Denis Bonzy

Bernard Arnault ou le début de la révolte contre la fiscalité

J'ai rencontré Bernard Arnault trois fois. La première en avril 2001 lors d'une réunion organisée par Martine Collonge pour Euronext à l'Ambassade de Grande-Bretagne à Paris et la dernière fois, très furtivement, au Palais de l'Elysée en juillet 2011 lors de la remise de la Grand Croix de la Légion d'Honneur à Pierre Gascon où il était aux côtés d'Alain Carignon venu pour la décoration remise à Anna Wintour. Alain Carignon, Bernard Arnault, Michel Drucker et Karl Lagerfeld ont été d'ailleurs assez "dissipés" échangeant les commentaires sympas sur les différents récipiendaires. A l'issue de cette cérémonie, la rencontre avec Bernard Arnault fut brève, quelques minutes tandis que celle d'avril 2001 avait permis un véritable dialogue.

Lors d'un tel contact, outre sa froideur, ce qui se dégage surtout c'est sa logique de


stratège face aux évolutions. Il conçoit son métier et son talent comme la capacité à penser plusieurs coups à l'avance. C'est d'ailleurs ce qui a fait sa réussite dans les conditions de dépeçage des actifs Boussac puis des OPA pour constituer LVMH dans les années 80.

La procédure engagée par Bernard Arnault pour acquérir la nationalité belge impose d'abord un préalable. Il faut sortir du débat sur la raison. Il ne s'agirait pas de quitter la France pour des raisons fiscales mais pour un autre motif. C'est un débat nul : l'évasion fiscale est un délit. Par conséquent, Bernard Arnault ne va pas faire un communiqué pour … revendiquer un délit.

Son acte repose sur un constat simple : toute action humaine répond à un moteur. C'est ce moteur qui change selon les individus : argent, pouvoir, reconnaissance, notoriété, passion, service d'autrui …

Aucun individu ne fait quelque chose pour rien. C'est d'ailleurs ce qui est le plus intéressant que de détecter ce moteur par individu, ce qui permet ensuite de mieux prévoir les réactions possibles.

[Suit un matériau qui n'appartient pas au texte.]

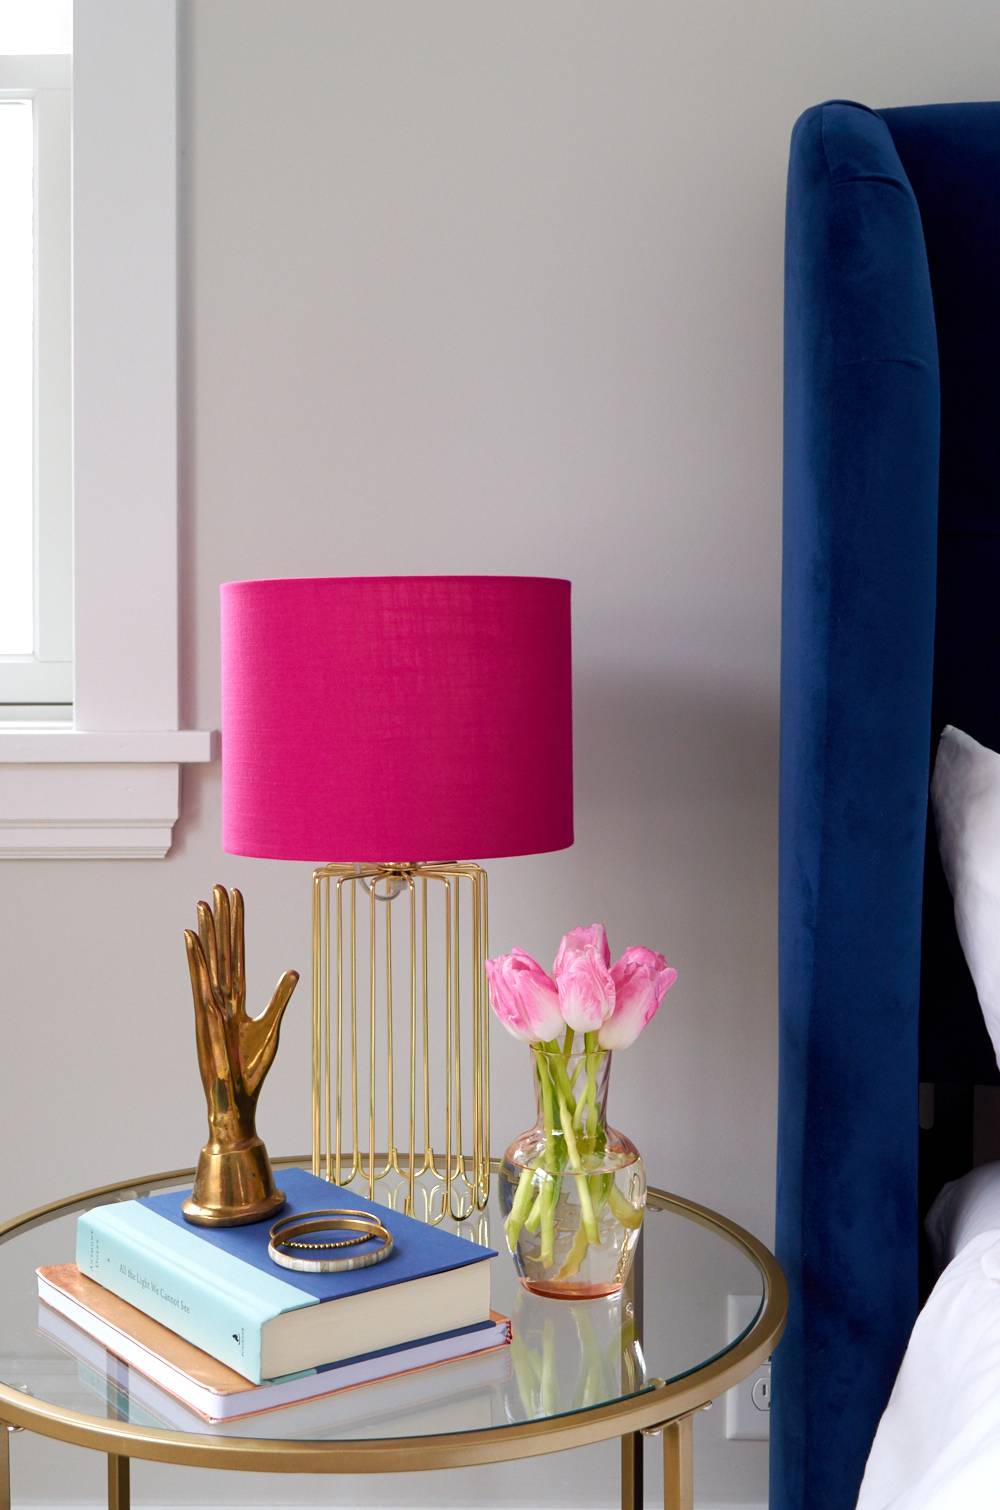 A lamp with a pink shade is sitting on a bedside table with books and trinkets.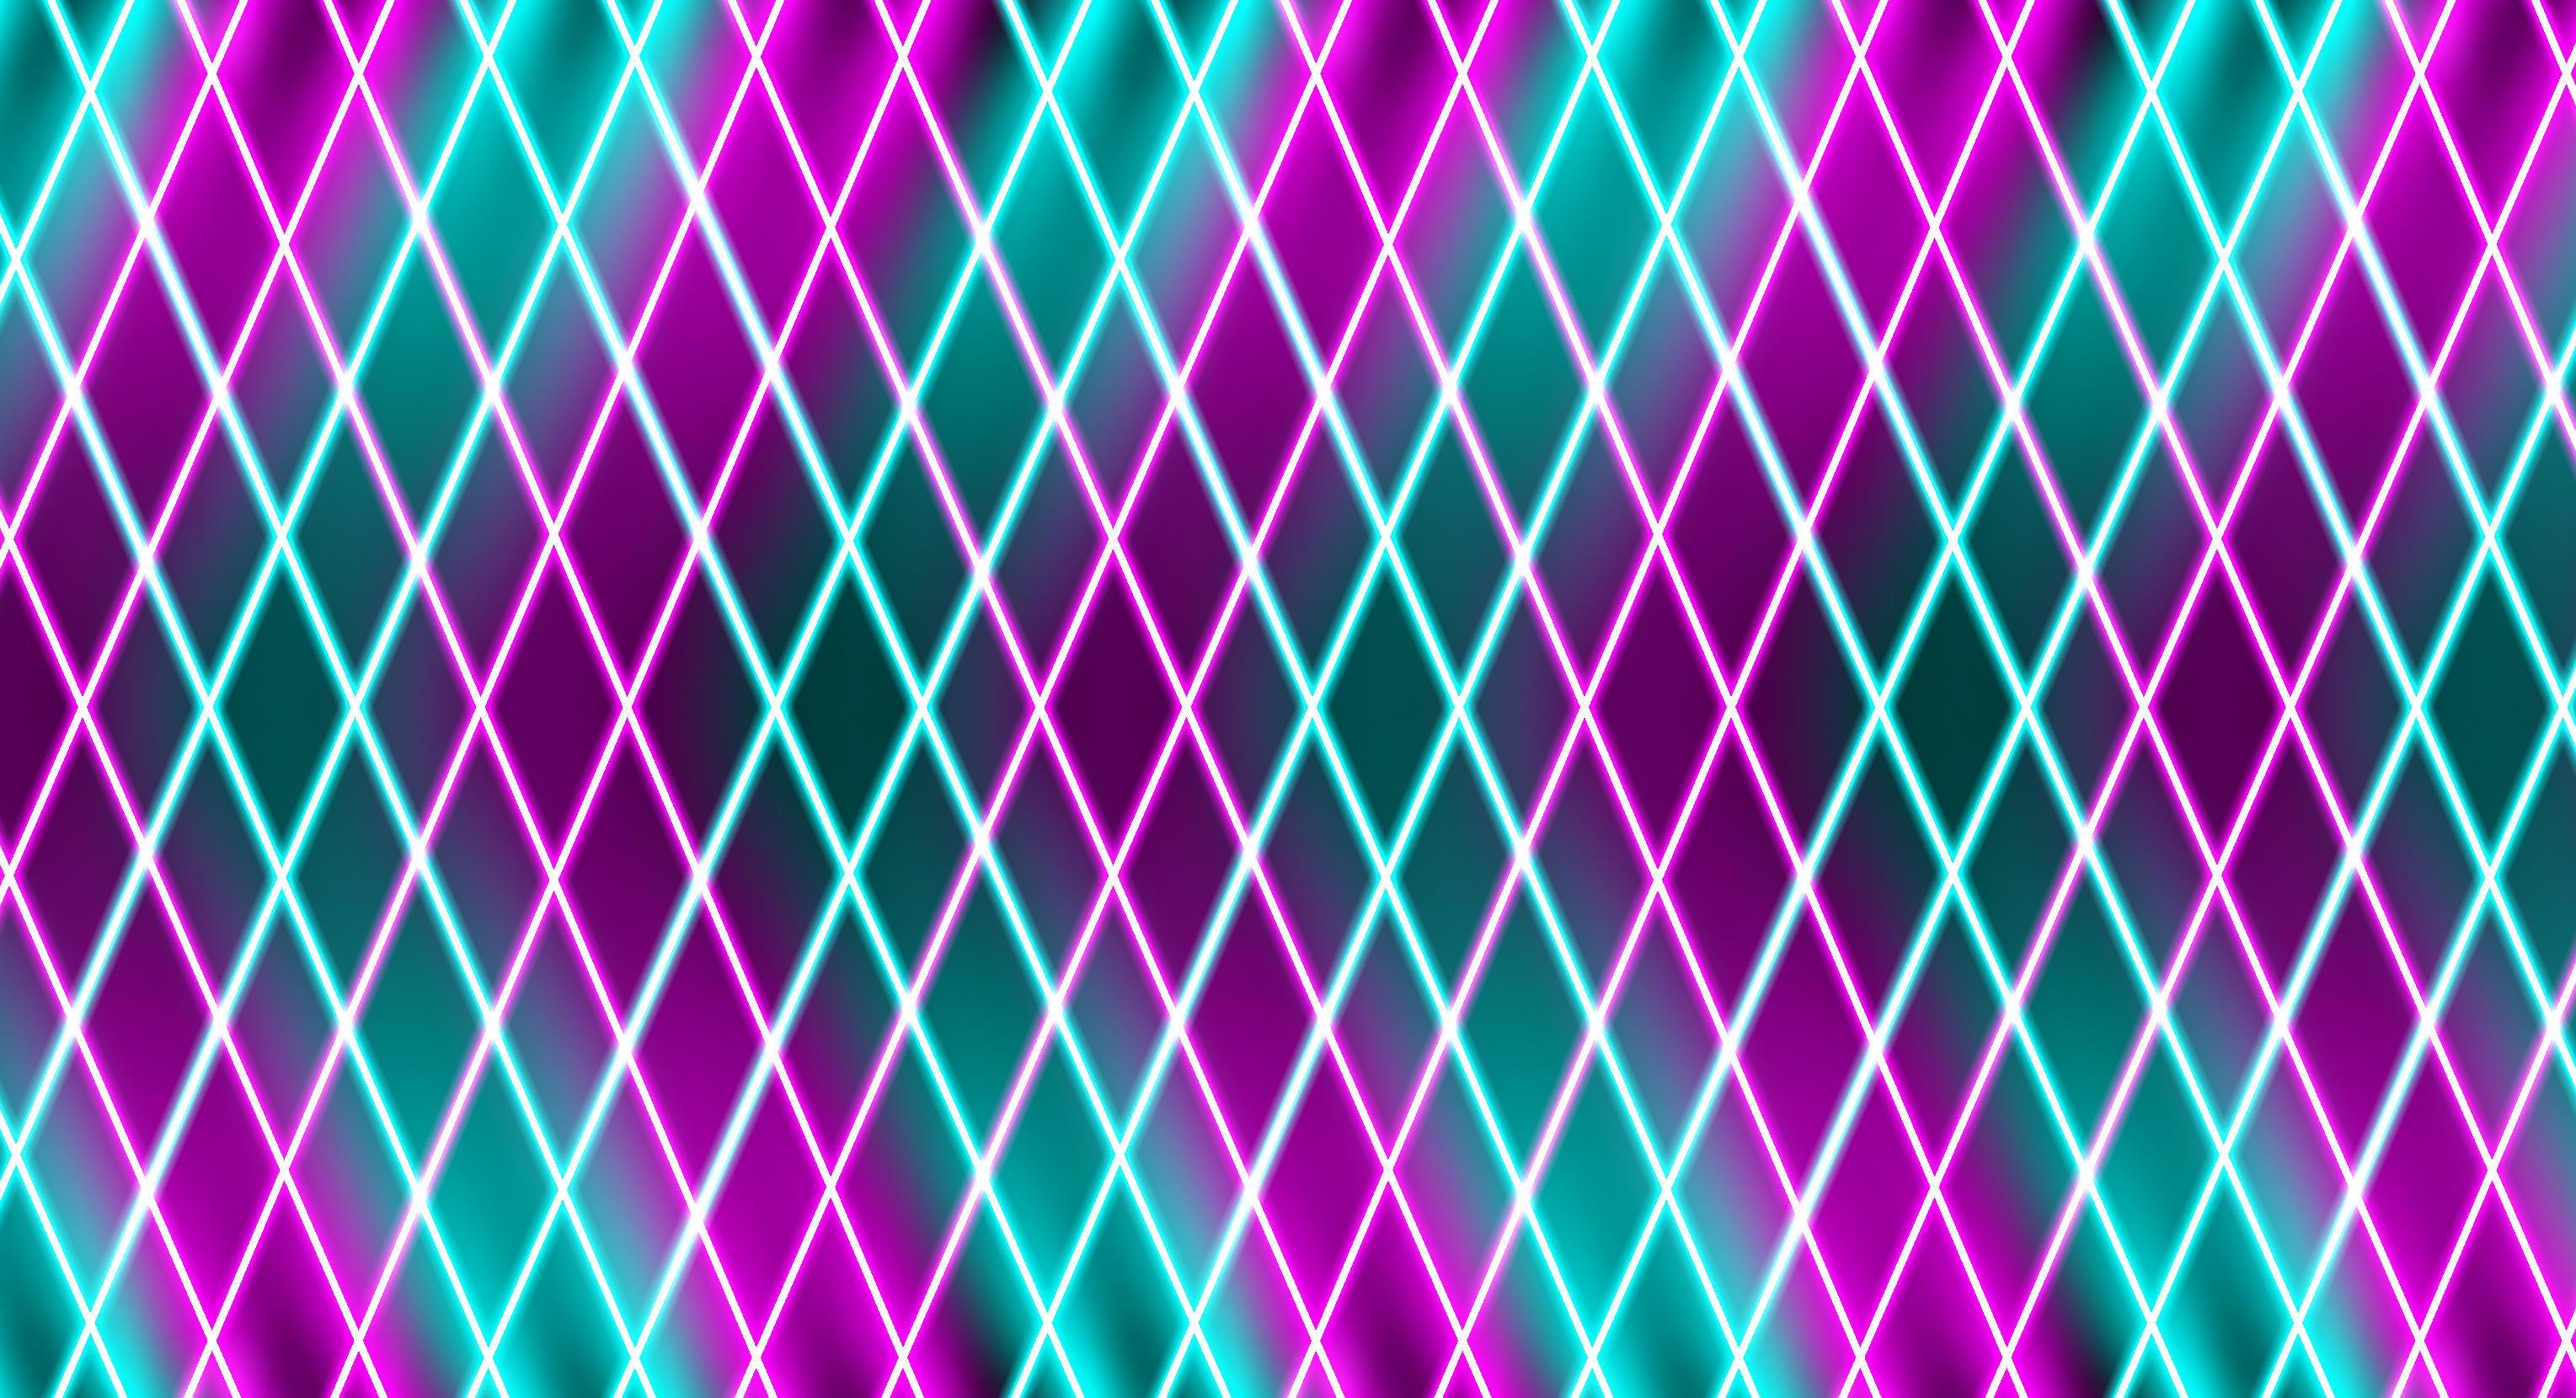 Abstract Neon Effect Glowing Vibrant Colors. Stock Photo, Picture

L'argent est le moteur pour une forte majorité. Par conséquent, travailler avec pour perspective de gagner moins notamment pour cause d'une fiscalité dissuasive amène des réactions de défense.

Bernard Arnault a la possibilité d'organiser un nomadisme fiscal. Son choix montre son anticipation d'un dispositif durable de hausses de prélèvements publics obligatoires en France. C'est le message qu'il donne à "tout le marché" derrière la fumée des mots officiels utilisés. Pour d'autres contribuables, c'est difficile voire impossible. Leurs réactions seront donc autres. Les 20 milliards d'impôts de plus annoncés ce soir par Hollande ne vont pas passer comme "une lettre à la poste". C'est la faute de trop ! Hollande devait organiser le "régime" sur les dépenses inutiles : supprimer les fromages de la République, changer des méthodes de fonctionnement … Loin de cette nécessité, il va recourir au "prélever toujours plus" et Arnault ne fait qu'annoncer, chacun à sa manière, le début de la révolte contre une fiscalité insupportable.

Une fiscalité d'autant plus insupportable qu'en 2013 la France sera aussi le 1er pays le plus endetté de la zone euro.

Hollande se comporte de façon trop prévisible. C'est le notable provincial qui applique à la France les "recettes" de gestion locale qui ont fait des collectivités locales françaises un fardeau de fiscalité et d'endettement. Cette situation ne sera plus durablement acceptée par les classes moyennes tout particulièrement. Le jour où les classes moyennes engageront la révolte, la médiatisation de la décision de Bernard Arnault apparaîtra bien dérisoire en comparaison.